Inspired by Schwab (Sternwarte Heidelberg), I spent all of Friday and a chunk of the weekend fitting models to precise radial velocity data on stars measured for the purpose of discovering exoplanets. Scwhab came to me because I had expressed confidence that an MCMC approach would be not just useful but necessary. Having said this, I had to make it work.
As always, the issue is with initialization, search, and convergence of the MCMC algorithm. The algorithm is simple and provably correct, but the proofs don't tell you how long it will take to converge to a fair sampling of the posterior distribution function.
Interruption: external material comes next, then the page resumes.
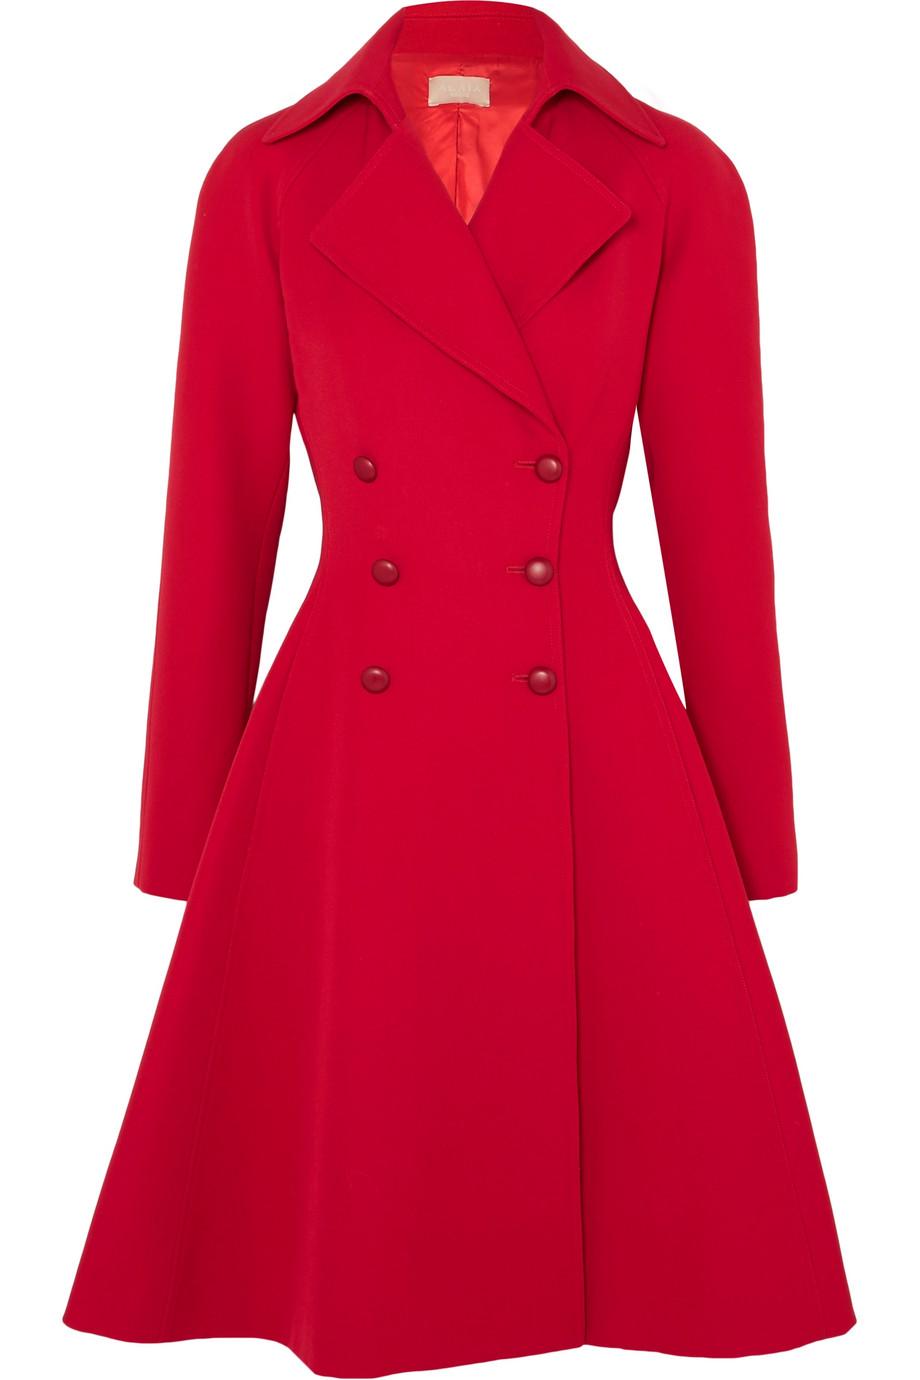 Alaïa Double-Breasted Wool-Gabardine Coat in Red.jpg

Furthermore, that convergence is a very strong function of choices you make about stepping (directions and sizes), and there is (at present) no objective way to set that. Indeed, this is a great area of research, and there are probably results there I don't know about.
One thing I did, which worked extremely well, is implement a trick suggested by Phil Marshall: I started the MCMC working on the prior alone, and slowly increased the relative weight of the likelihood, so that only after a long burn-in period was the system optimizing the true posterior. That worked extremely well. More on all this later, because all this recommends working out and writing down some lessons learned
about MCMC in practice.
[I broke the rules this week by posting only four posts. That's because on Wednesday, I got nothing done. Unfortunately, the rules demand that I admit this.]